Было слышно, как женщина за дверями горько зарыдала. Марии стало жаль ее. Она немного постояла, прислушиваясь к доносившимся из-за двери рыданиям, повернулась, чтобы уйти: Бог милостив - все во власти Его.
За дверью раздался стон, что-то упало. Старуха снова открыла оконце.
- Эй, здесь ли ты?
Молчание в ответ. И снова слабый стон. Потом тишина. Шорох дождя по листве растущих во дворе тополей, перестук капель по карнизу, опять стон.

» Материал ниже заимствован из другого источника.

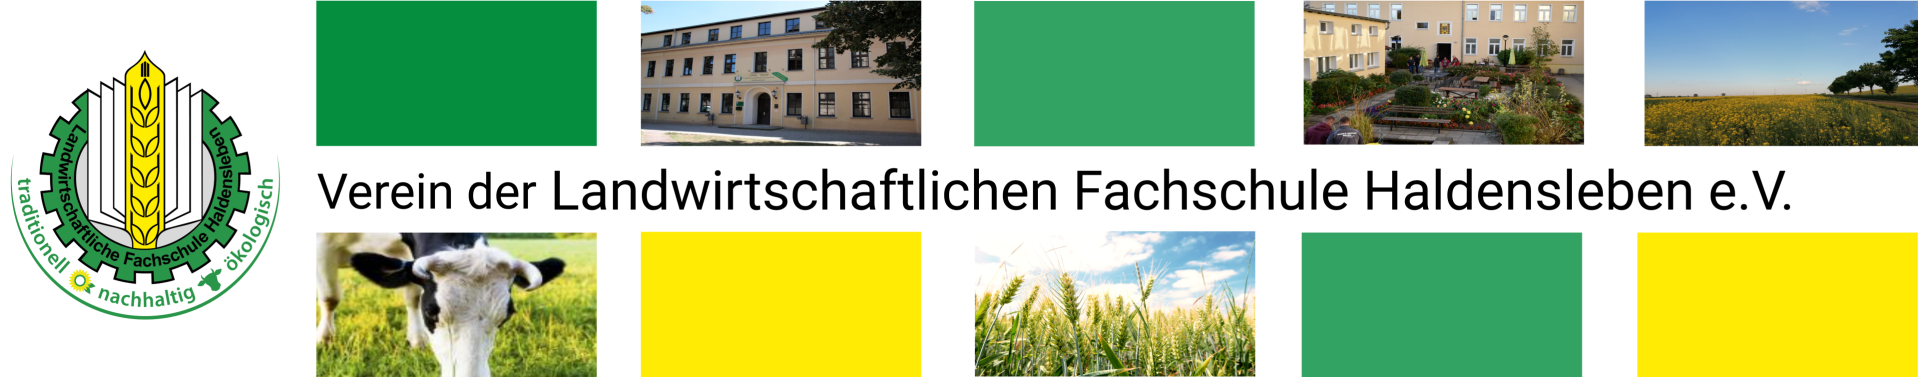 Fachschule für Landwirtschaft an der Landesanstalt für Landwirtschaft und Gartenbau Sachsen-Anhalt (LLG)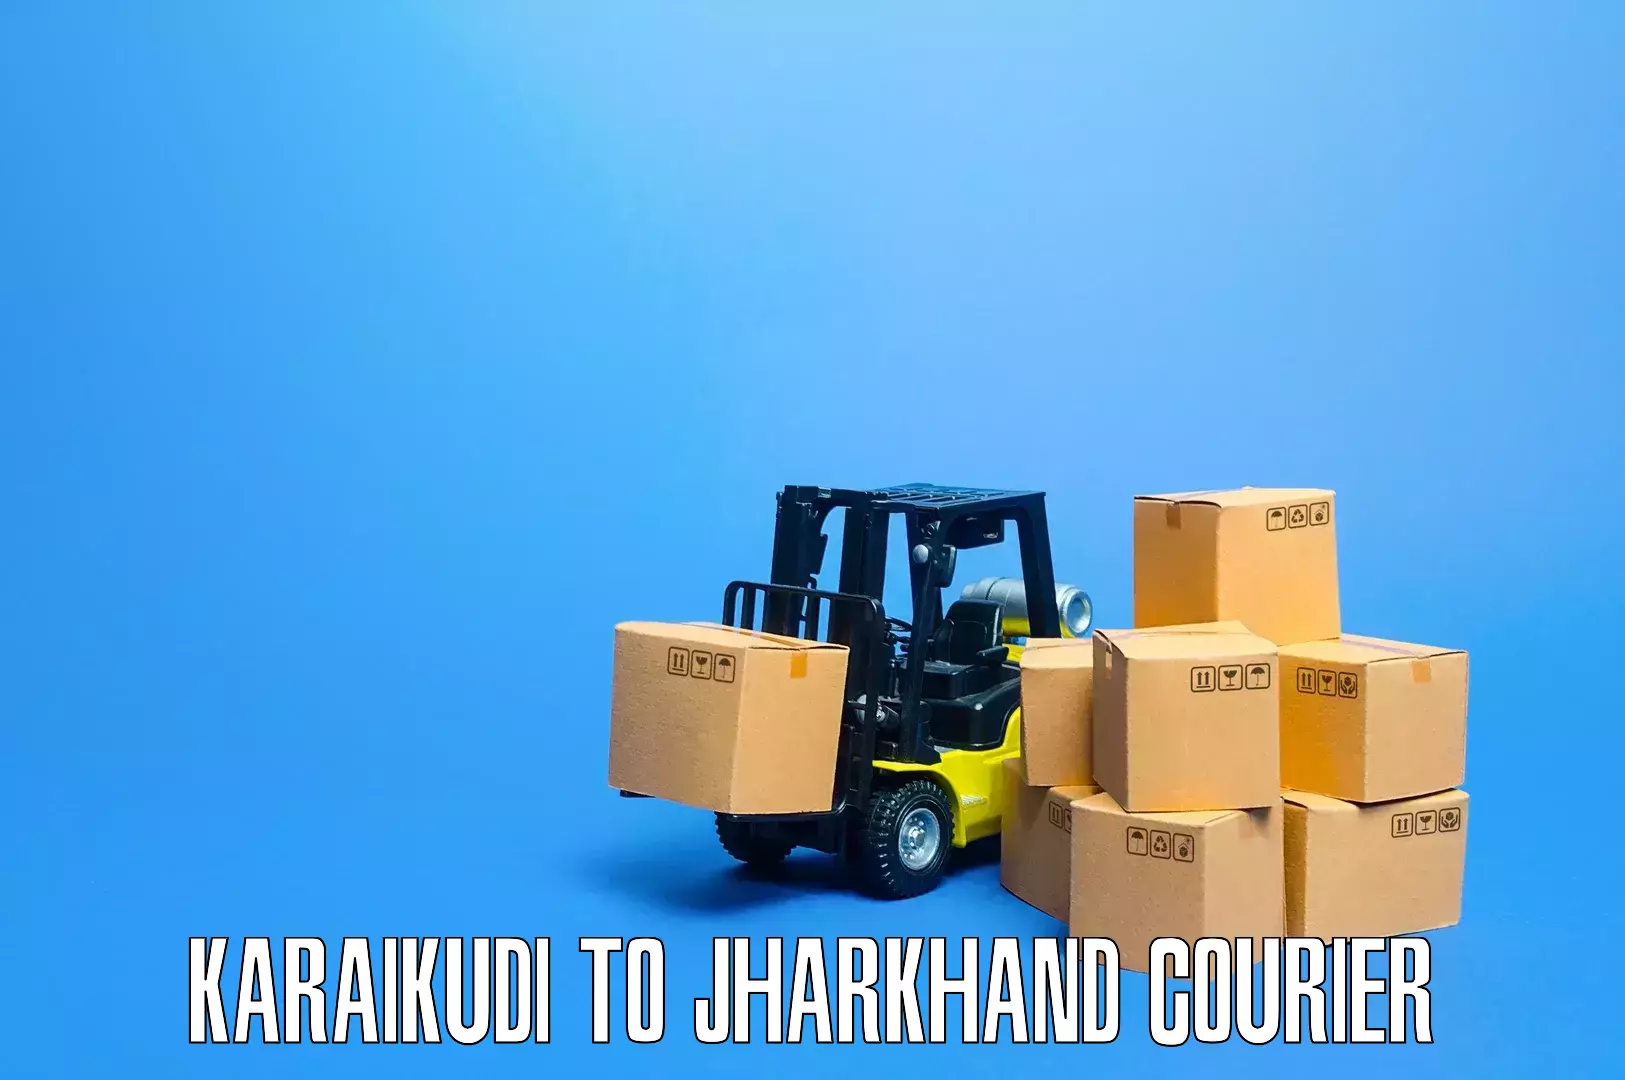 Home moving experts Karaikudi to Jharkhand

Ах, если бы можно было выглянуть в оконце в дверях! Да не достать никак. Что же делать?
Бесшумно отодвинув тяжелый засов, Мария мгновенье помедлила, решаясь, потом немного приоткрыла дверь.
Ничего не видно, темень. Налетевший порыв ветра тут же задул слабый огонек свечи.
Мария захлопнула дверь, прижалась к ней спиной, унимая сердцебиение. Быстро зажгла свечу и вновь приоткрыла створку двери.
- Где ты? - она шагнула на паперть, мокрую от дождя.
Слабый огонек прикрытой ее ладонью свечи осветил лежащую у ступенек лестницы женщину в темном платке, сползшем на плечи. Пышные волосы в мелких каплях дождя, бледное лицо, чуть вздрагивают закрытые веки.
Старуха сделала шаг к ней, протянула руку…
Из темноты метнулась чья-то фигура. Мария почувствовала, как сильные руки схватили ее, подняли на воздух, зажали рот, потащили обратно, в сухую темень храма, освещенного огнями редких лампад. Она замычала, болтая ногами, обутыми в старые мужские полуботинки. Попала по колену тащившему. Ее стиснули сильнее, грубо выругавшись сквозь зубы.
Женщина, лежавшая на паперти, быстро встала. По ступенькам взбежали еще двое мужчин - один, перед тем как войти в храм, сложил большой зонт, взял его под мышку и снял шляпу.
Лязгнул задвинутый изнутри засов. Смолк разом шум дождя. Мужчина с зонтом зажег еще пару свечей, прилепил их на край высокого подсвечника, стоявшего на полу.